### What this task involves
Taking the data below, please print only the lines from the line holding "Maison - Courcelles - #4507256-2" to the line holding "HONDA CBR 150R", inclusive, with pictures omitted.

### Information given
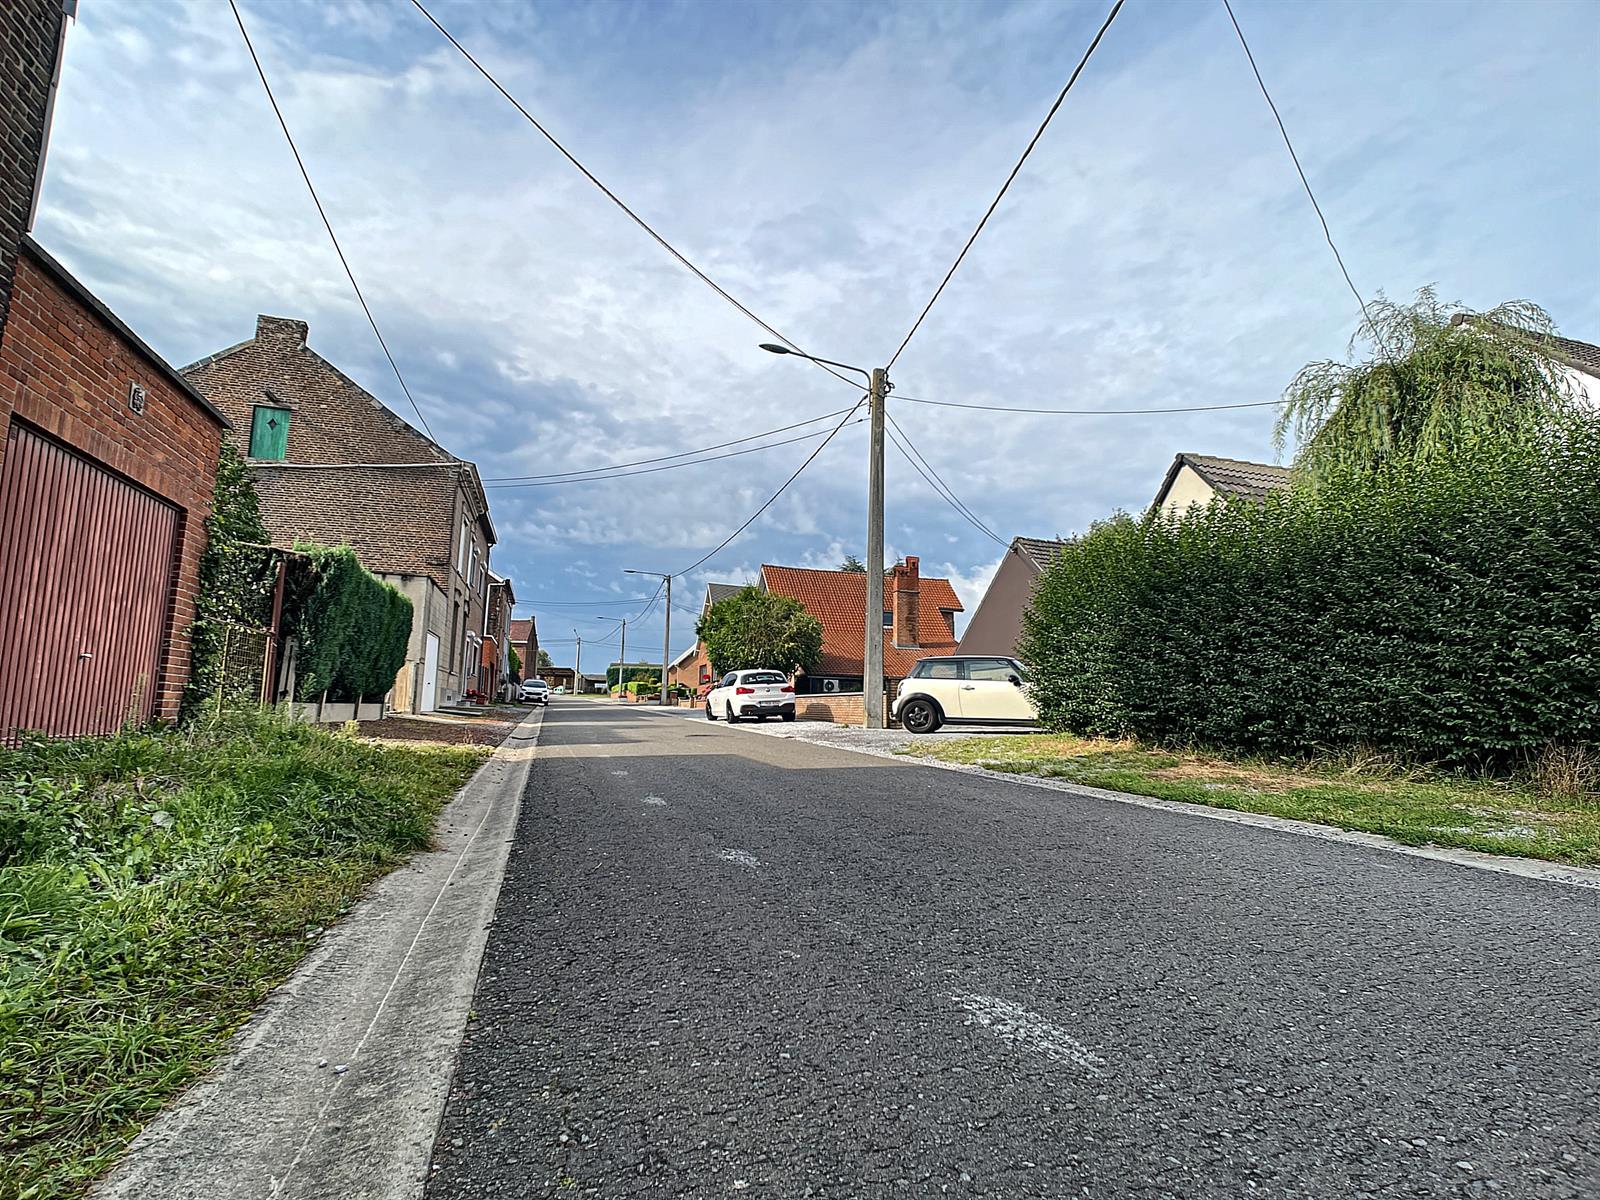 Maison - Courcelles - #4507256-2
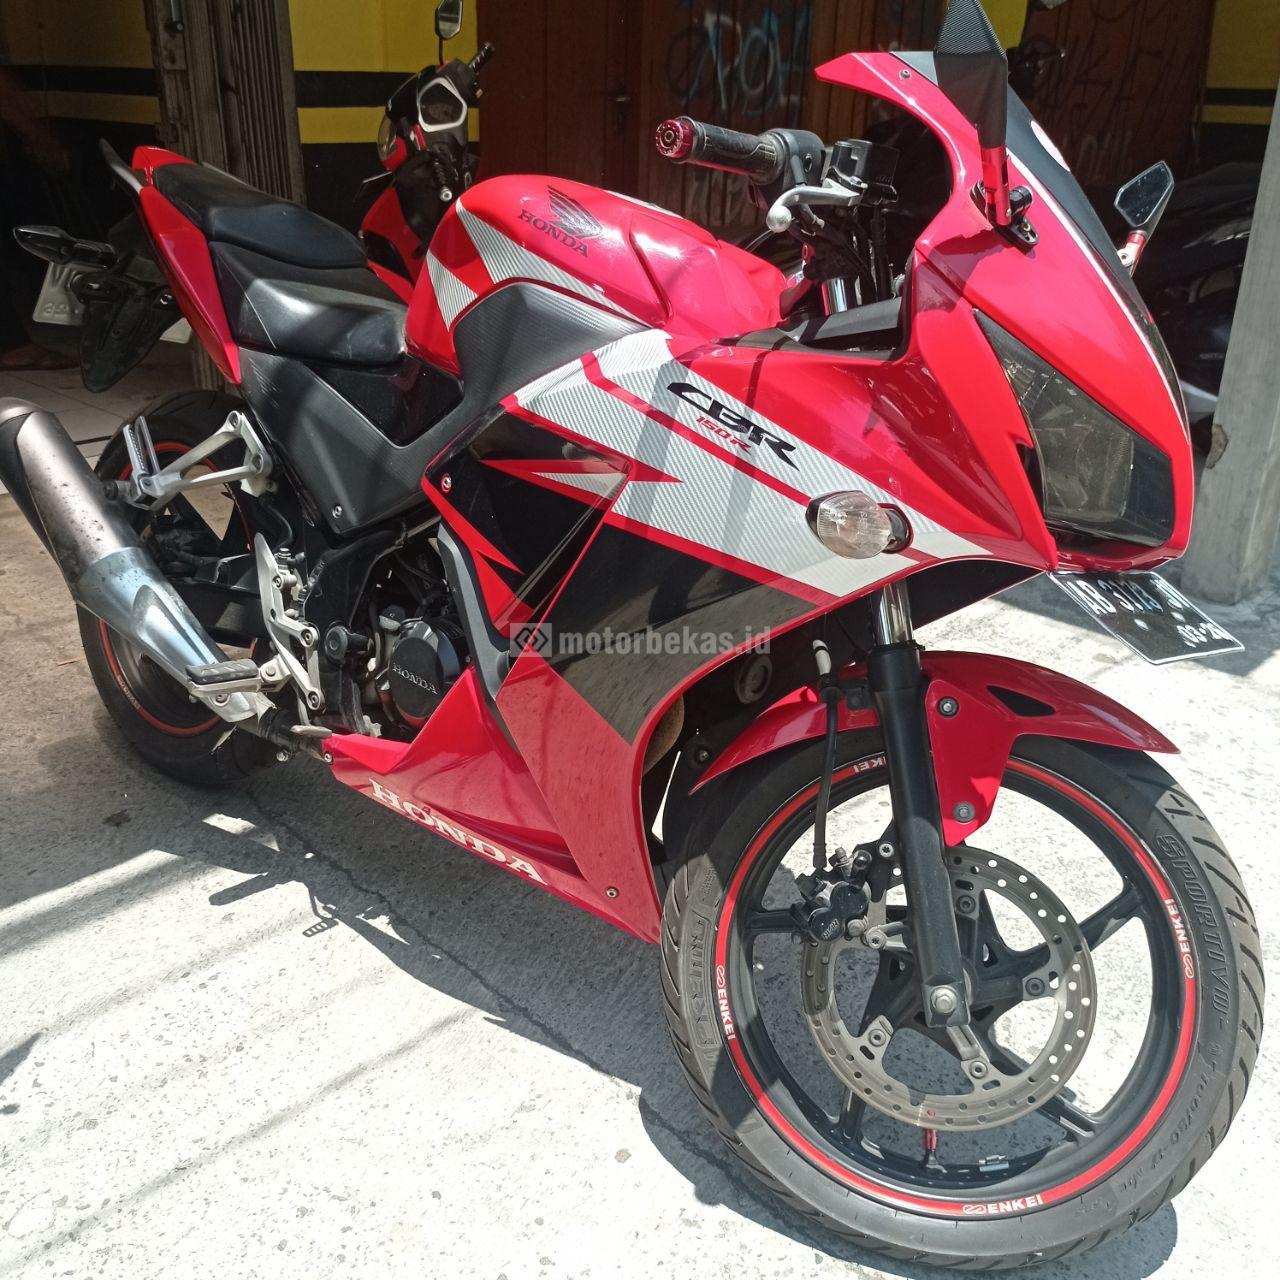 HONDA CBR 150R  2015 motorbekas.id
...
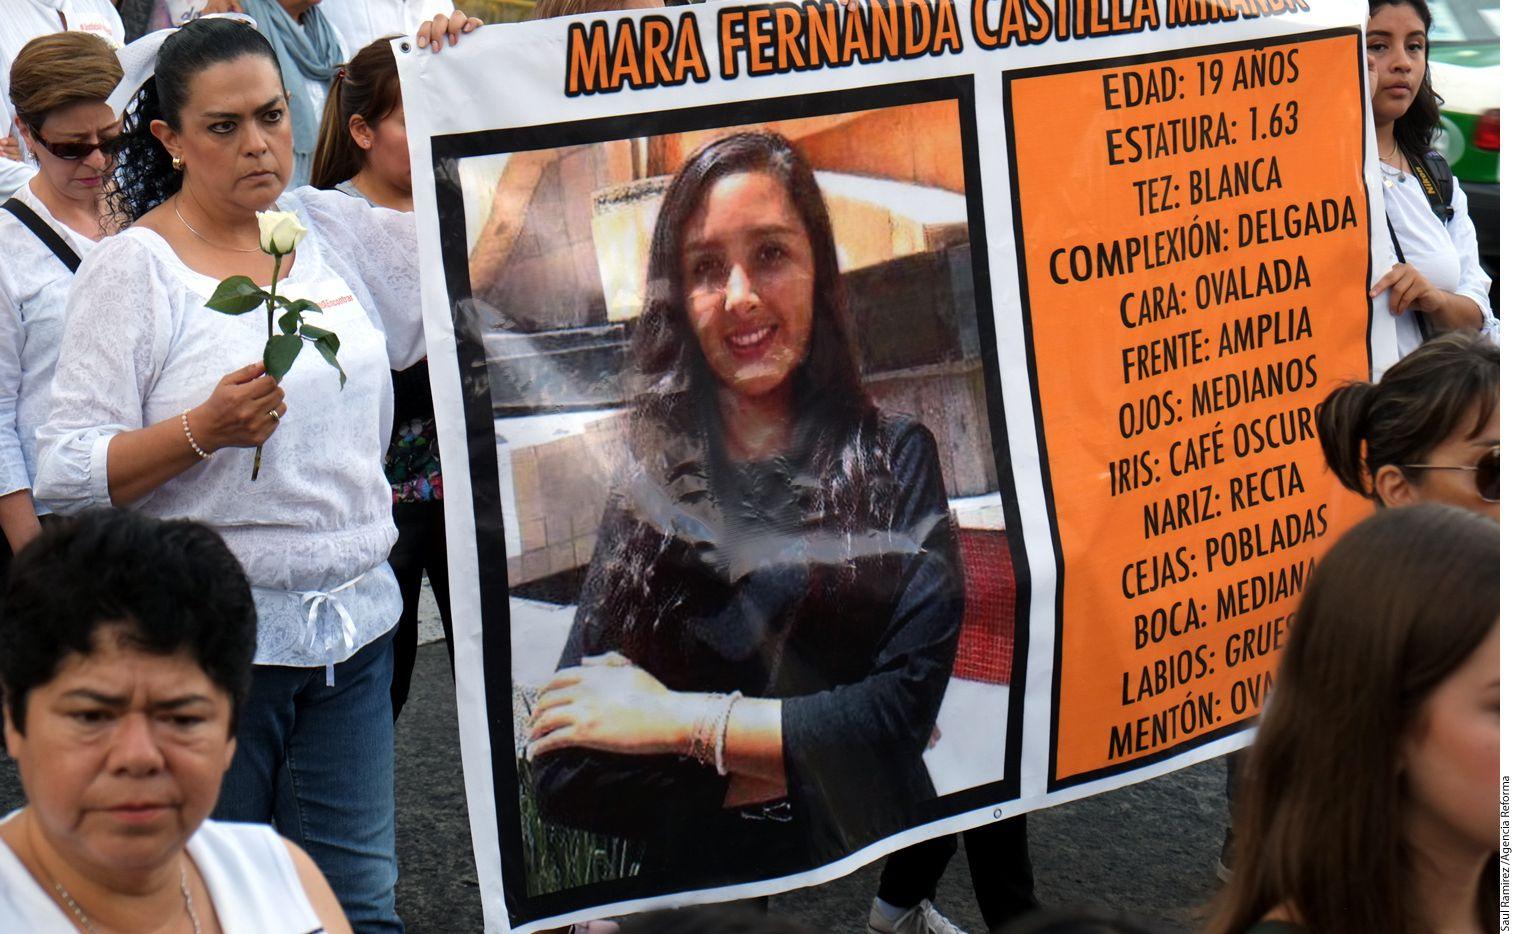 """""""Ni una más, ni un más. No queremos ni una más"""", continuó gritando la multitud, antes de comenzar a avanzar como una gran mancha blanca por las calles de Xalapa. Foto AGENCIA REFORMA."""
---
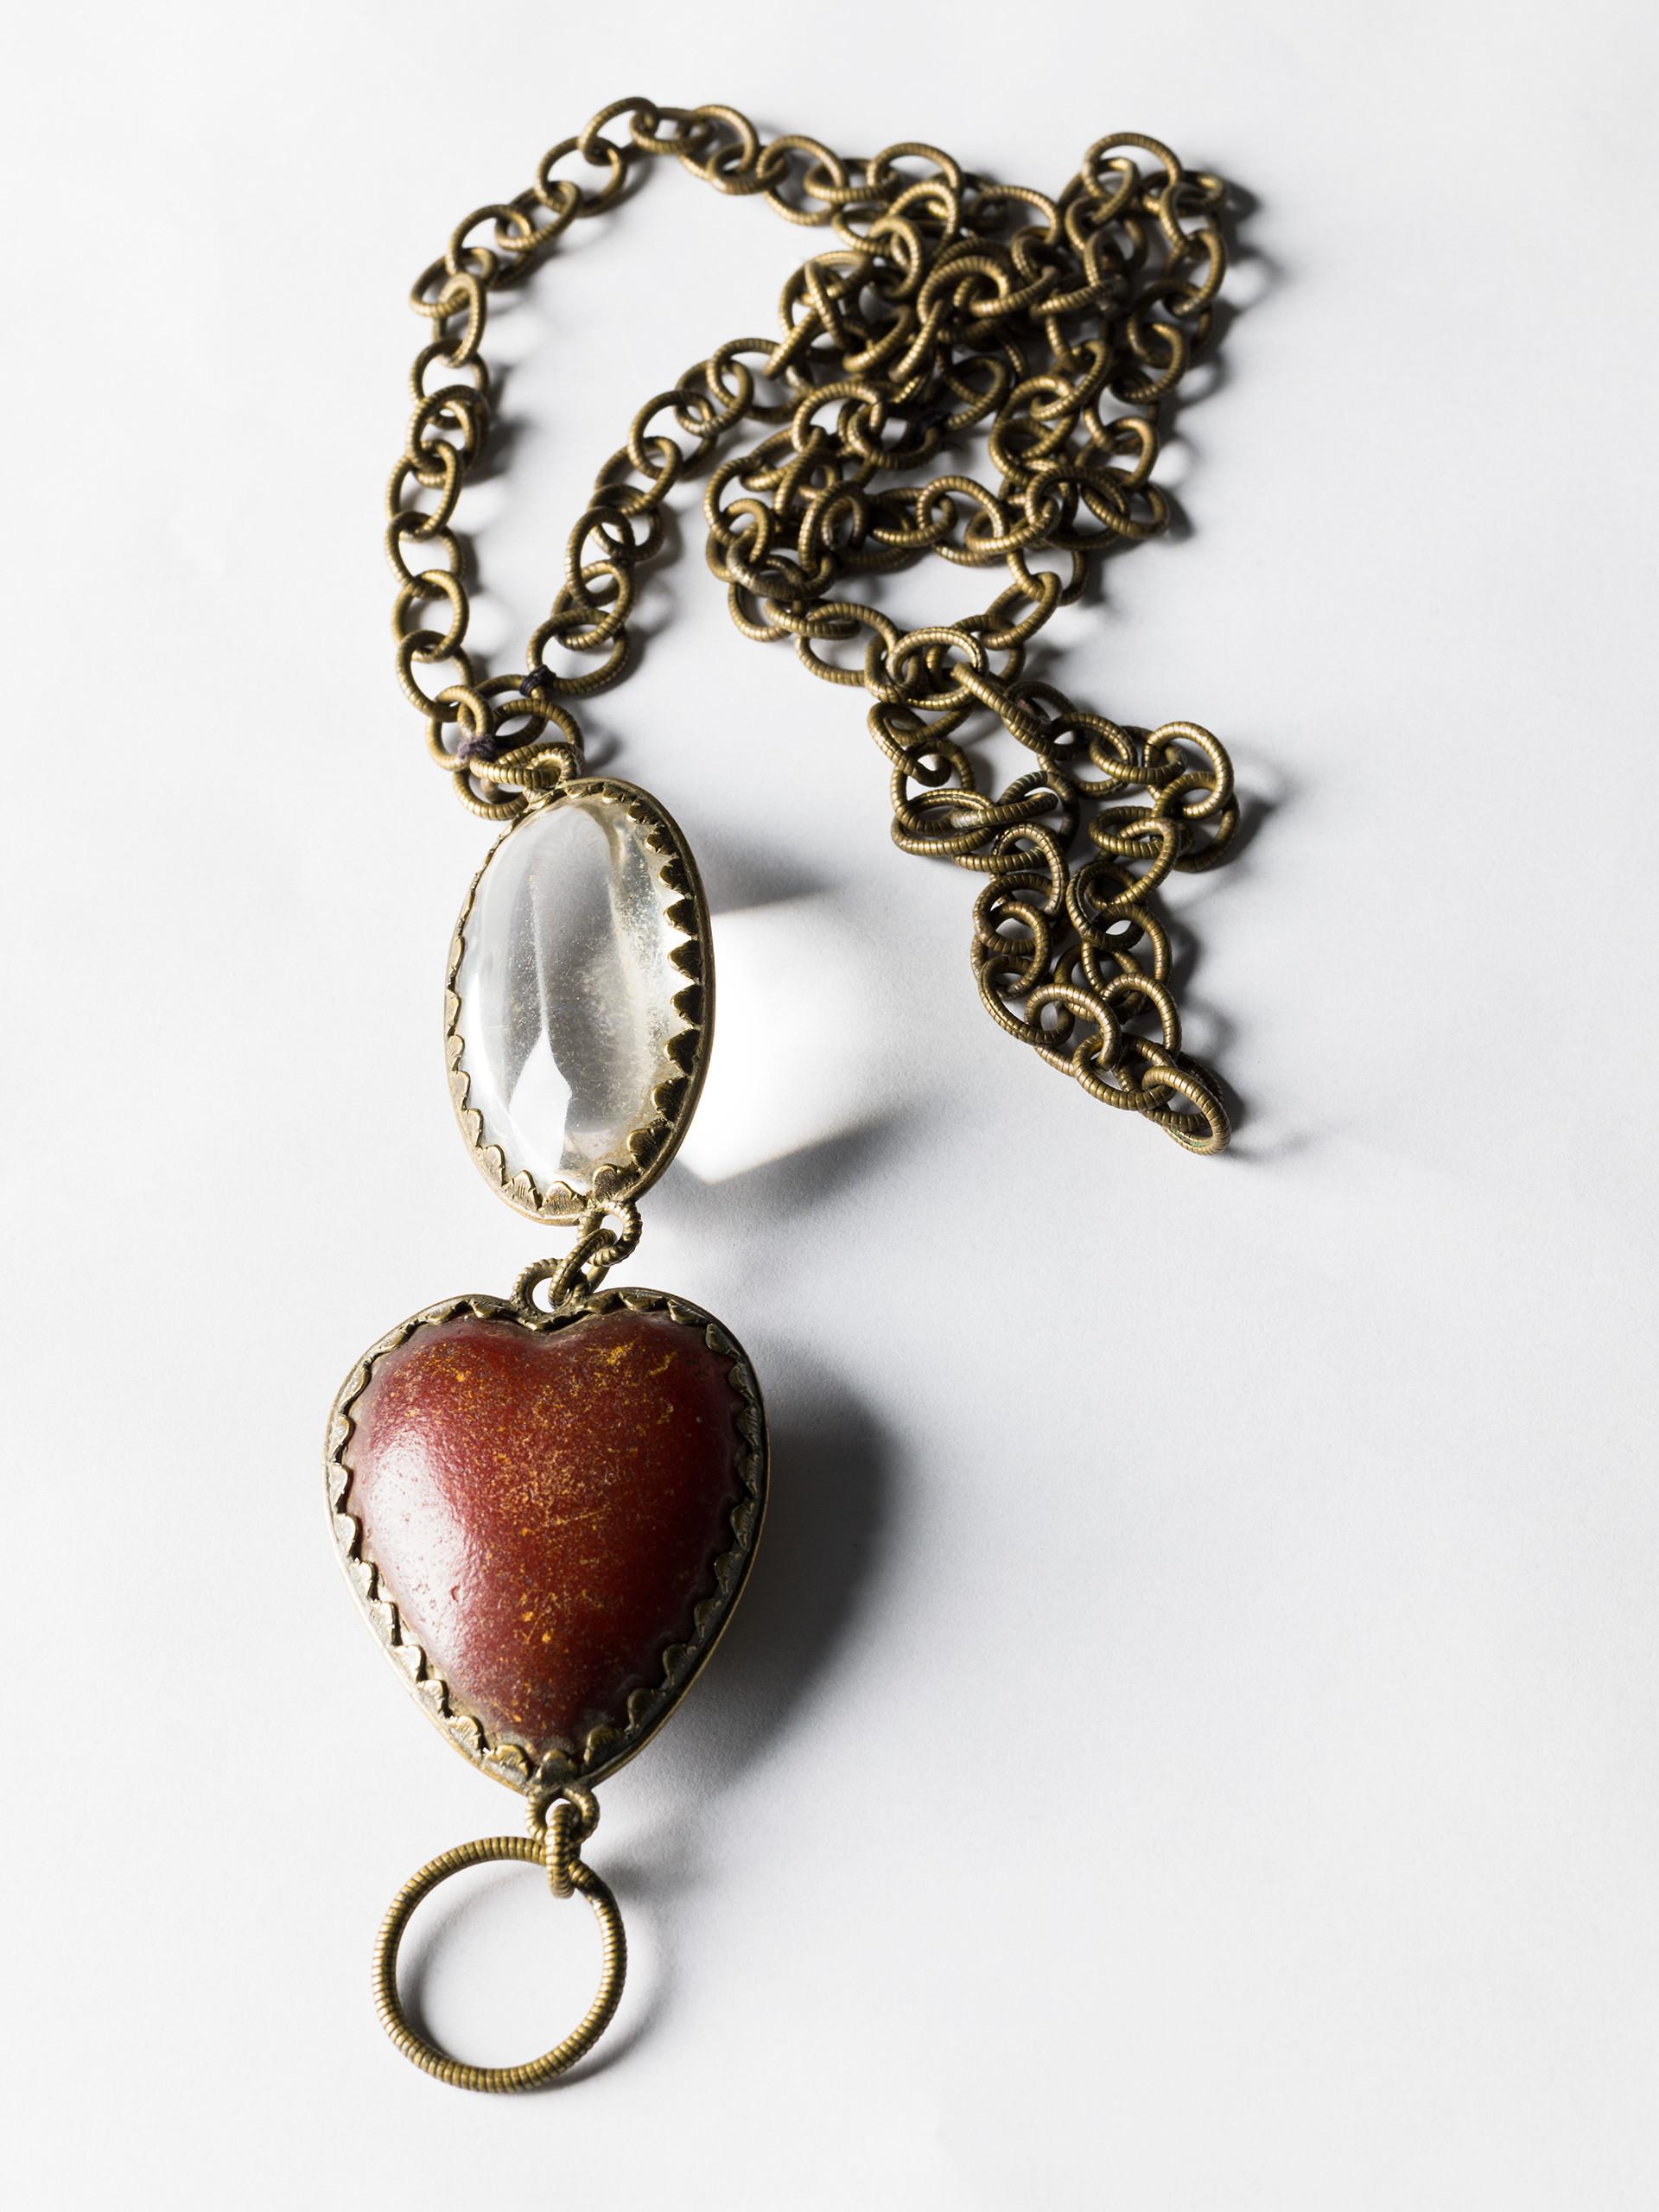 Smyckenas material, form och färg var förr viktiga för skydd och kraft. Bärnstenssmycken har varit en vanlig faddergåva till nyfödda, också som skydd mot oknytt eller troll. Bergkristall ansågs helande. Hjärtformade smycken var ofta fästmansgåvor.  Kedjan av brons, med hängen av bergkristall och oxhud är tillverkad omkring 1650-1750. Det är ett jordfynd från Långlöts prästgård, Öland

### Answer to this problem
 Maison - Courcelles - #4507256-2
 HONDA CBR 150R  2015 motorbekas.id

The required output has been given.